In particular for the plots you’ll often have to override the defaults. Make is smart enough to figure this out. For instance, you could have two files like this:

$ cat pm_histogram.sql
SELECT
  round(pmtot/10)*10 as bin, count(*) as n 
FROM ( 
  SELECT sqrt(pmra*pmra+pmde*pmde)*3.6e6 as pmtot
  FROM hsoy.main) AS q
group by bin
$ cat pm_histogram_cleaned.vot
SELECT 
  round(pmtot/10)*10 as bin, 
  count(*) as n 
  FROM ( 
    SELECT sqrt(pmra*pmra+pmde*pmde)*3.6e6 as pmtot 
    FROM hsoy.main
    WHERE no_sc IS NULL) AS q 
  group by bin

(these were used to analyse the overall proper motions distributions in HSOY properties; note that each of these will run about 30 minutes or so, so better adapt them to what’s actually interesting to you before trying this).

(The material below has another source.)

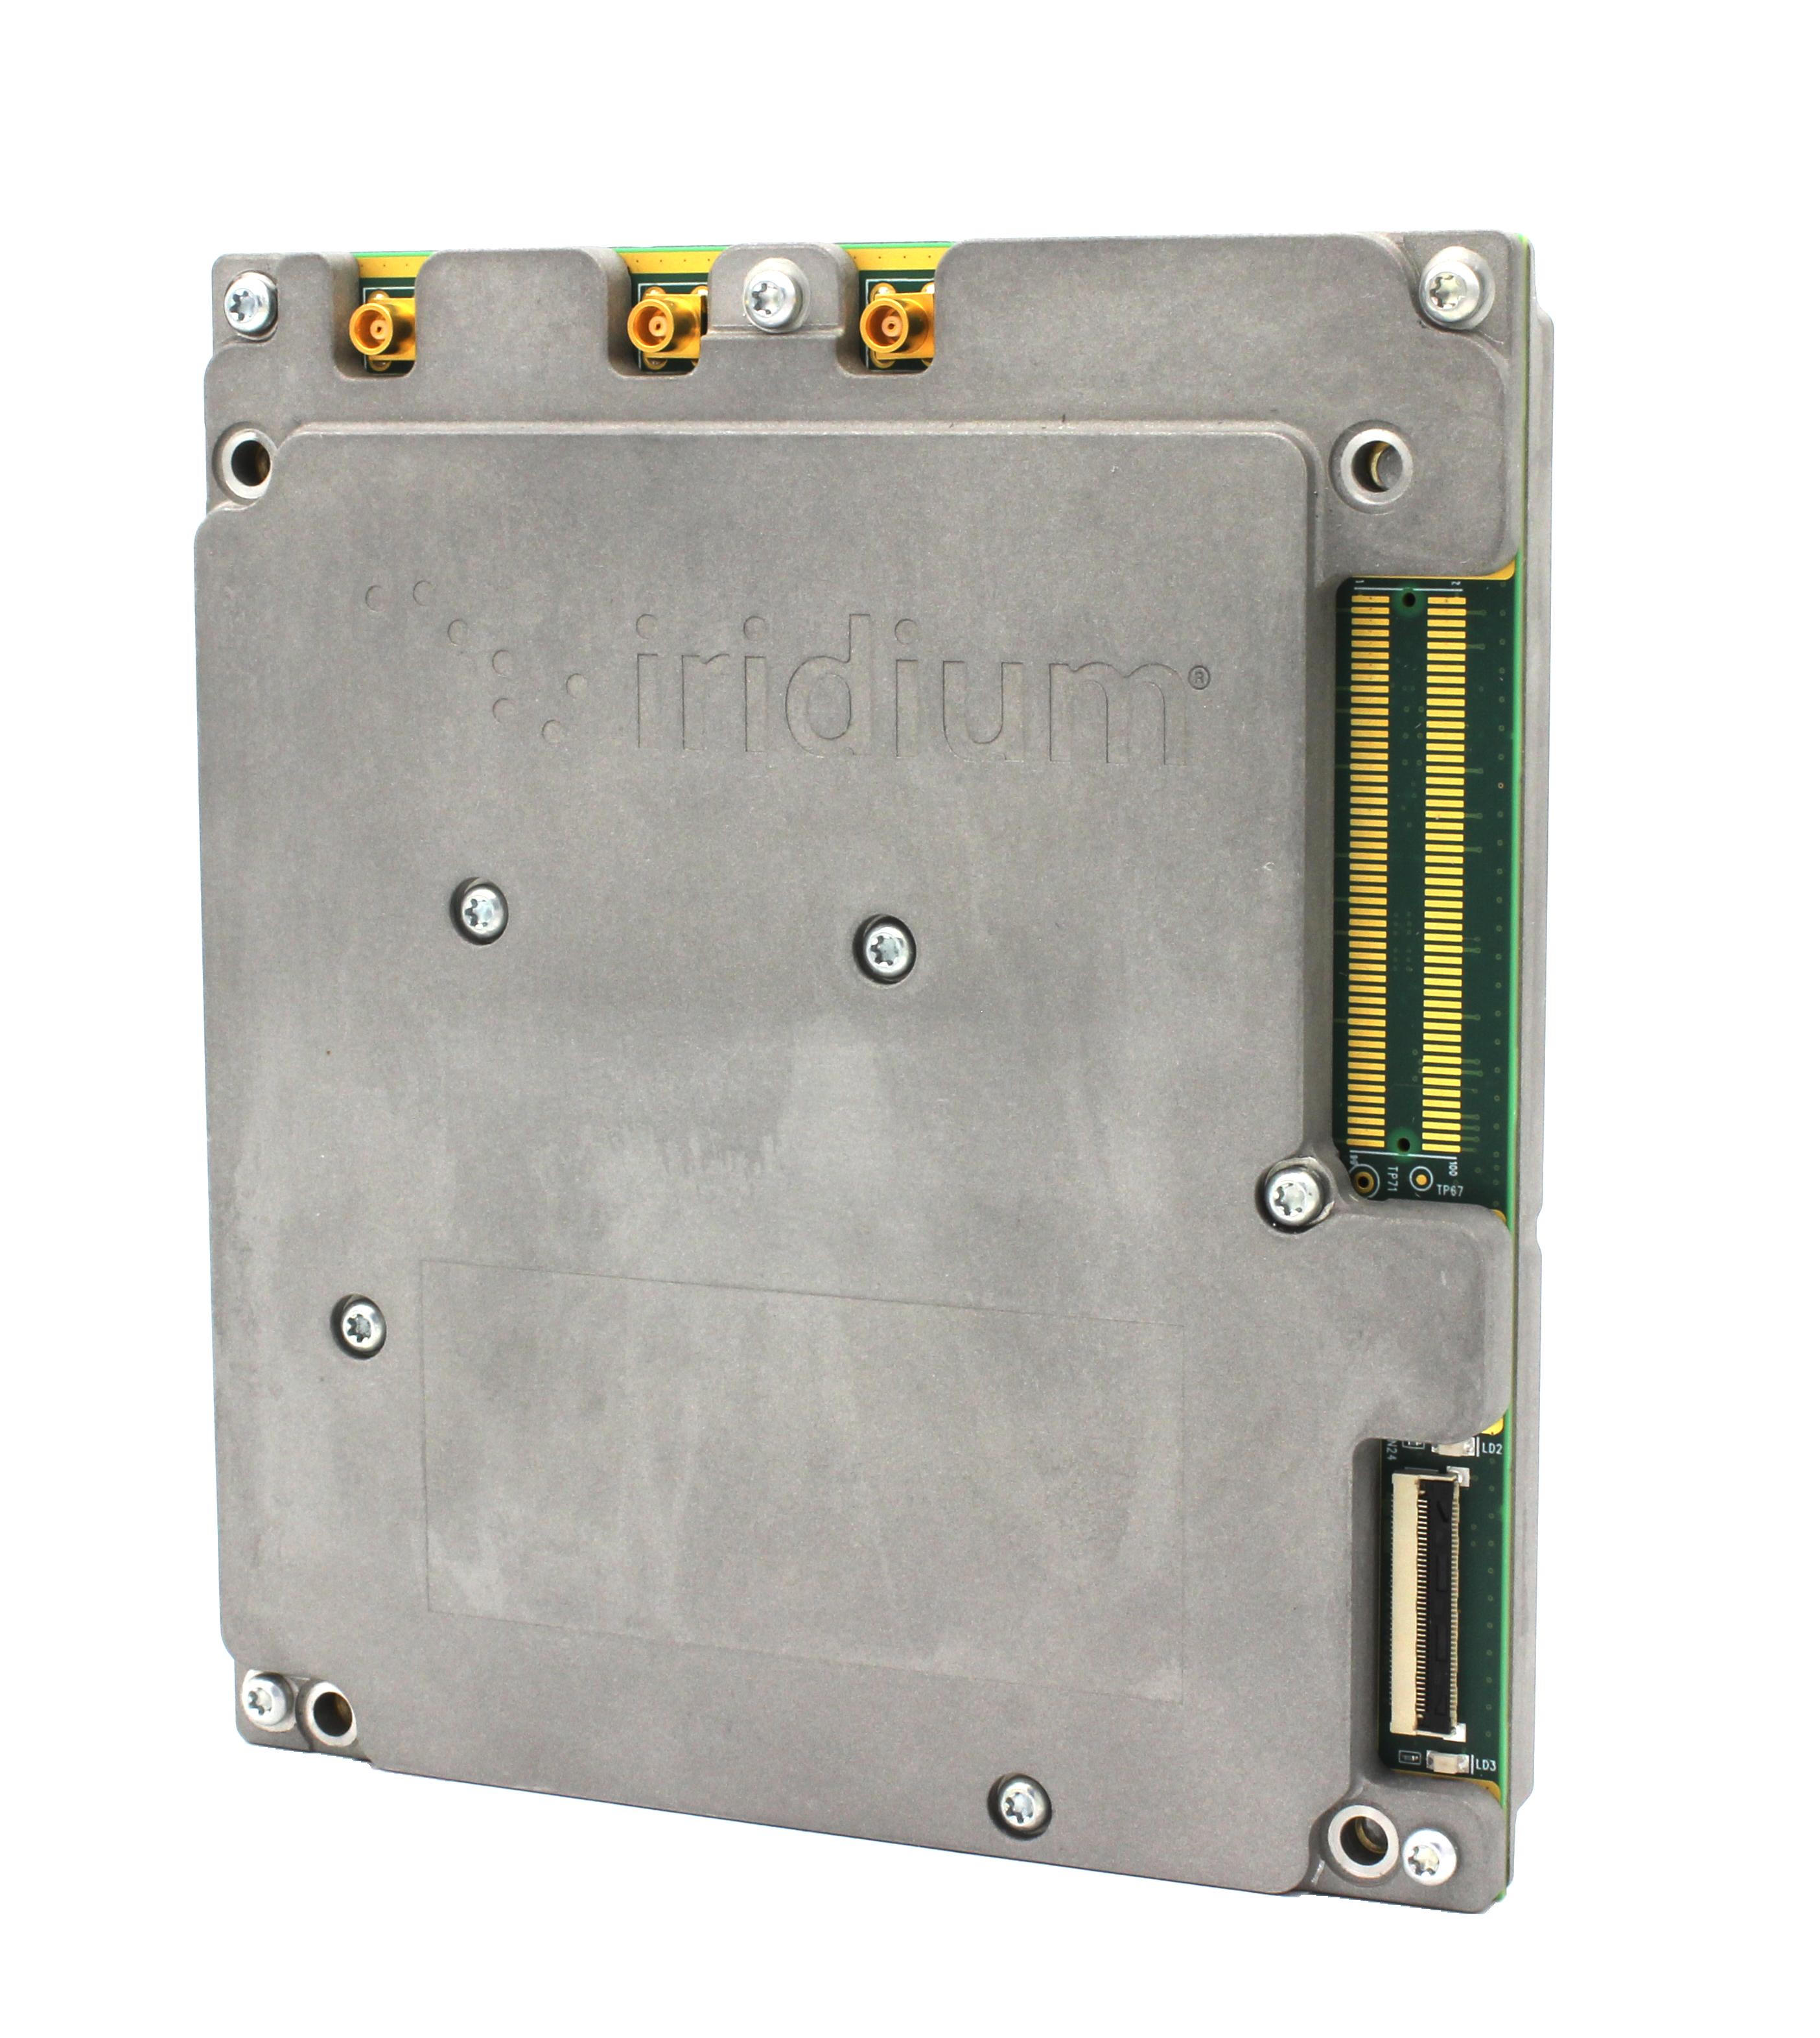 Iridium Certus 9810 Product Image

No special handling in terms of queries is necessary for these, but the plot needs to be hand-crafted:

pm_histograms.png: pm_histogram.vot pm_histogram_cleaned.vot
	$(STILTS) plot2plane legend=false \
	  omode=out ofmt=png out=$@ \
  	title="All-sky" \
  	xpix=800 ypix=600 \
  	ylog=True xlog=True\
  	xlabel="PM bin [mas/yr, bin size=10]" \
  	xmax=4000 \
	layer1=mark \
  	color1=blue \
  	in1=pm_histogram.vot \
  	x1=bin \
  	y1=n \
	layer2=mark \
  	in2=pm_histogram_cleaned.vot \
  	x2=bin \
  	y2=n

– that way, even if you go back to the stuff six months later, you can still figure out what you queried (the files are still there) and what you did then.

A makefile to play with (and safe from cut-and-paste problems) is available from Makefile_tapsample (rename to Makefile to reproduce the examples).